VA Update on ‘White Frost’ Saturday and ‘Black Frost’ Sunday (Noon, Fri., 3/27/15)
Fig. 1. Sunday morning minimum temperature map for the state of Virginia. Much of central VA will be in low to mid 20s, and many fields are now also showing early blooms! Here are the minimum temps for across the state: AWIS VA Mar 27-Apr3 The air will be very very dry on Saturday and Sunday, and if winds subside early Sunday morning, this particular cold event will be what I refer to as a ‘black frost.’
Important differences between a white (hoar) frost and a black frost. The most common type of radiational cooling event is a hoar frost. Hoar frosts occur when atmospheric water vapor freezes in small crystals on solid surfaces (sublimation), also called a white frost for the white layer of ice crystals formed on the ground, grass blades, twigs, and strawberry blossoms. The dew point (DP) temperature is one of the most valuable pieces of information to determine whether conditions are favorable for hoar frost or black frost, and on Saturday night/early Sunday morning, very low dewpoints will favor a black frost where you get a freeze stress (injury) without ice crystals (white frost) forming.

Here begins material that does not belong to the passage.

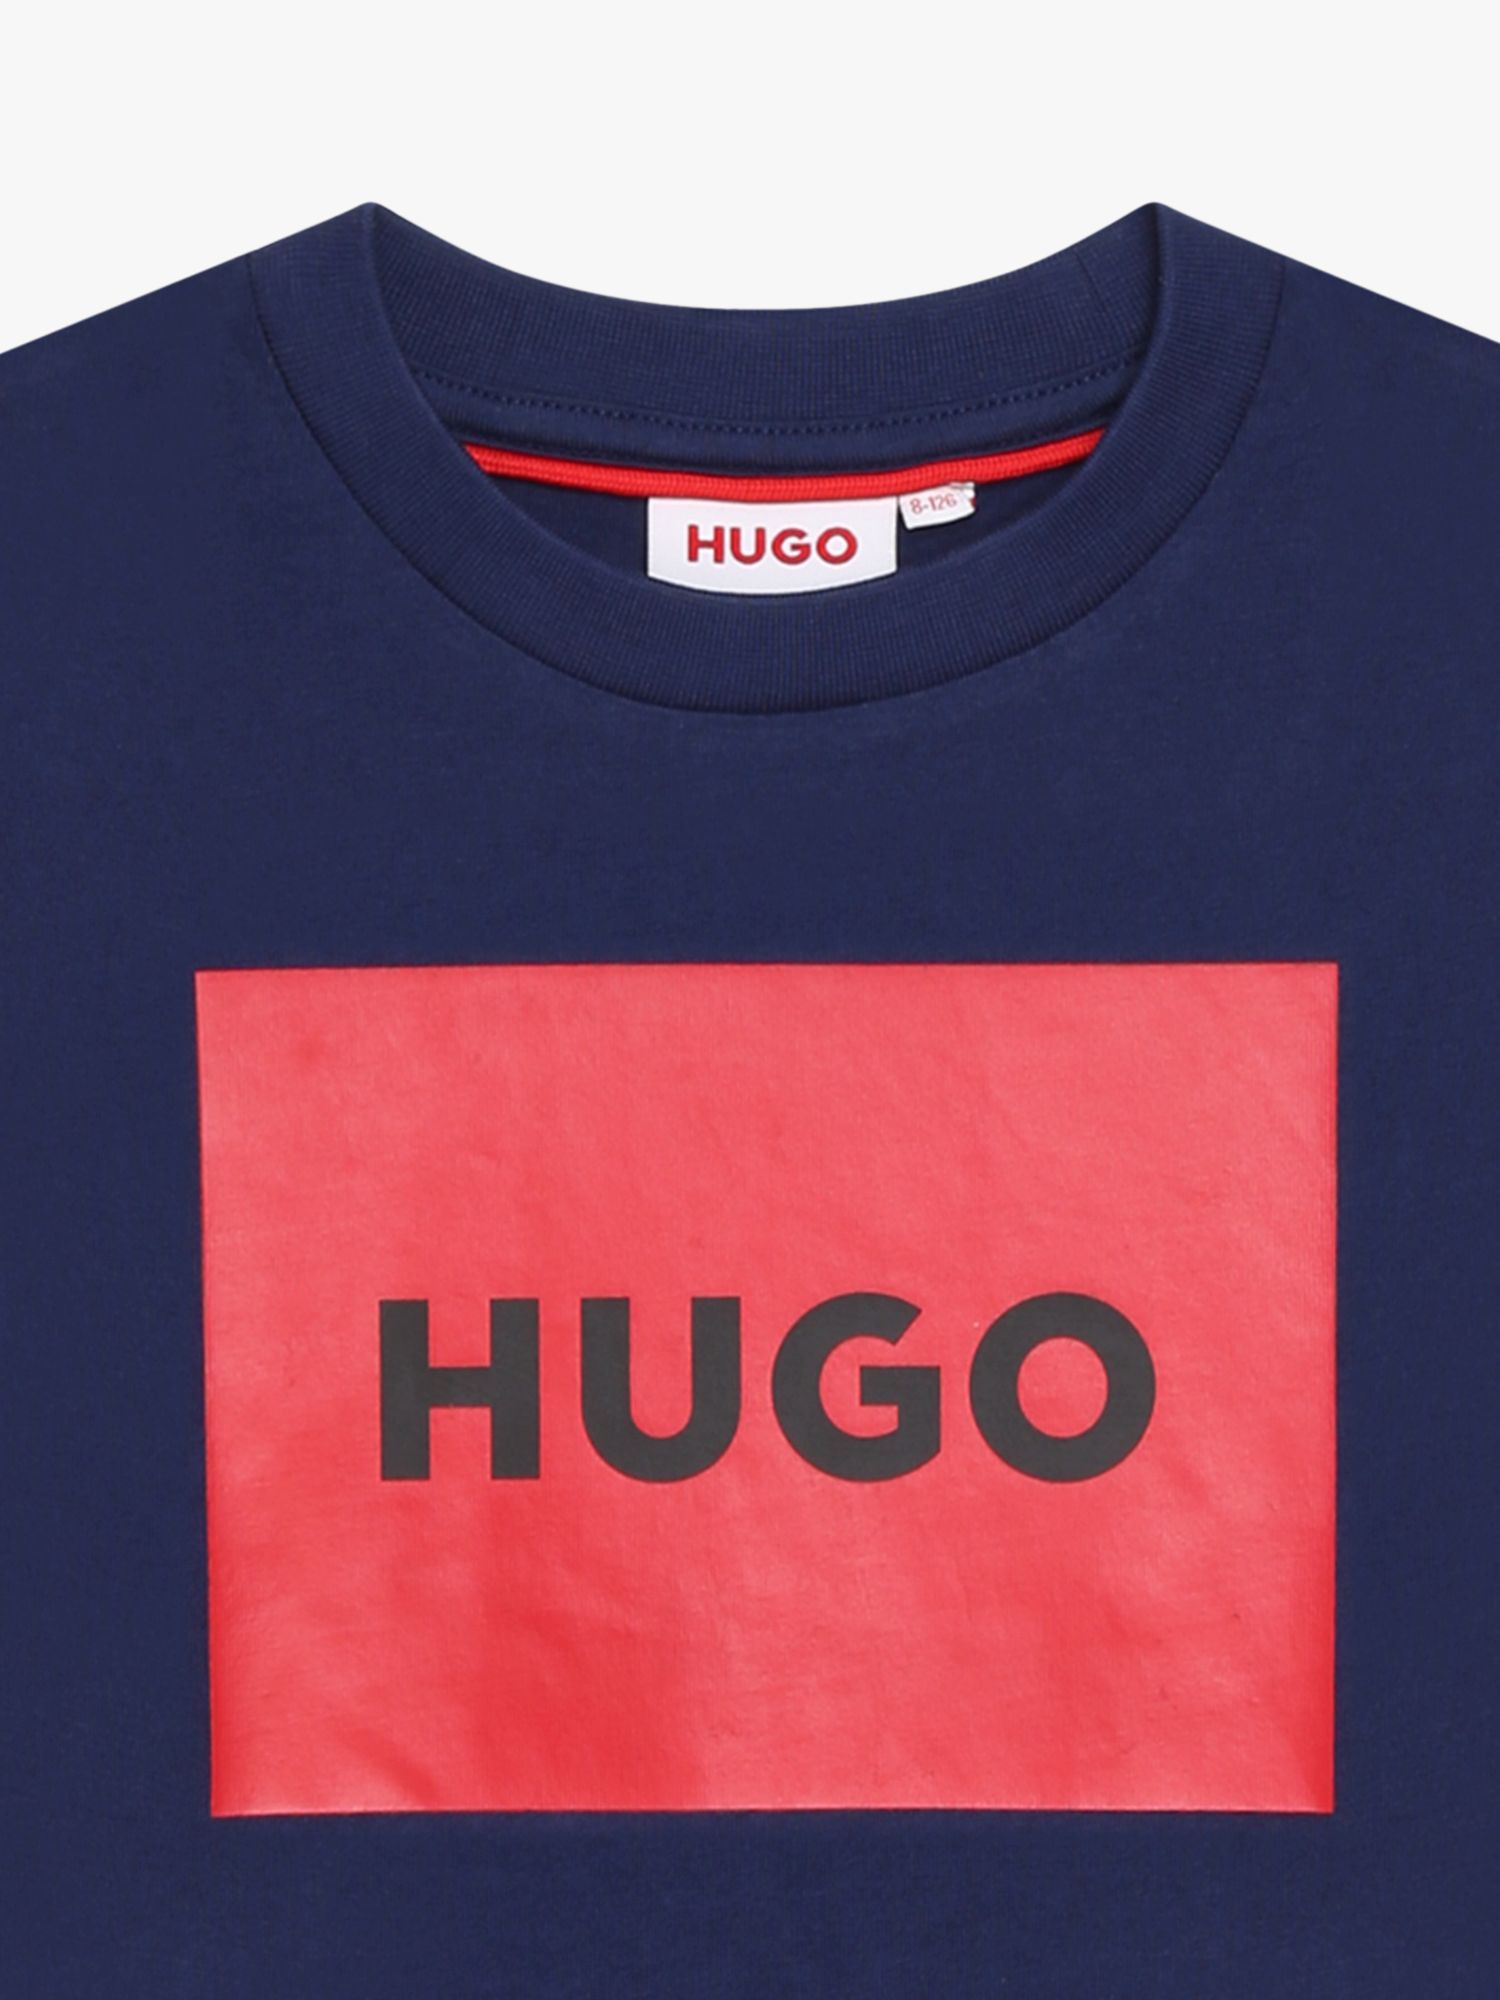 HUGO Kids' Square Logo T-Shirt, Navy/Red, 4 years

In the table below is sample from the AWIS 7-Day Minimum Temp table (pdf file in legend), and you can see the news is not particularly good! Low 20s across much of Central VA on Sunday morning (see table below). Furthermore, my guess is that many fields that were showing NO BLOOMS just 2-3 days ago are now showing a significant number of new blossoms, so this low temperature on Sunday morning is now taking on even greater significance when you consider how this crop is advancing so quickly.
This now has the potential of being a pretty serious cold event in Virginia.
But, let’s back up a little, and examine what may now be happening on Saturday morning as well. If you already have row covers down, I think growers will be in very good shape tonight and tomorrow morning (Sat). Fig. 2. Saturday morning minimums will not be nearly cold as Sunday (Fig. 1), but there are some interesting Frost possibilities in some areas. Either way, if the covers are now in place, I don’t see too much problem with Saturday morning minimum temps and possibility of frost in some areas of the sate — row cover protection should be sufficient.
Here is how you can check on white frost potential tomorrow morning – just click on town/city nearest your farm and see if “F” (frost) is indicated.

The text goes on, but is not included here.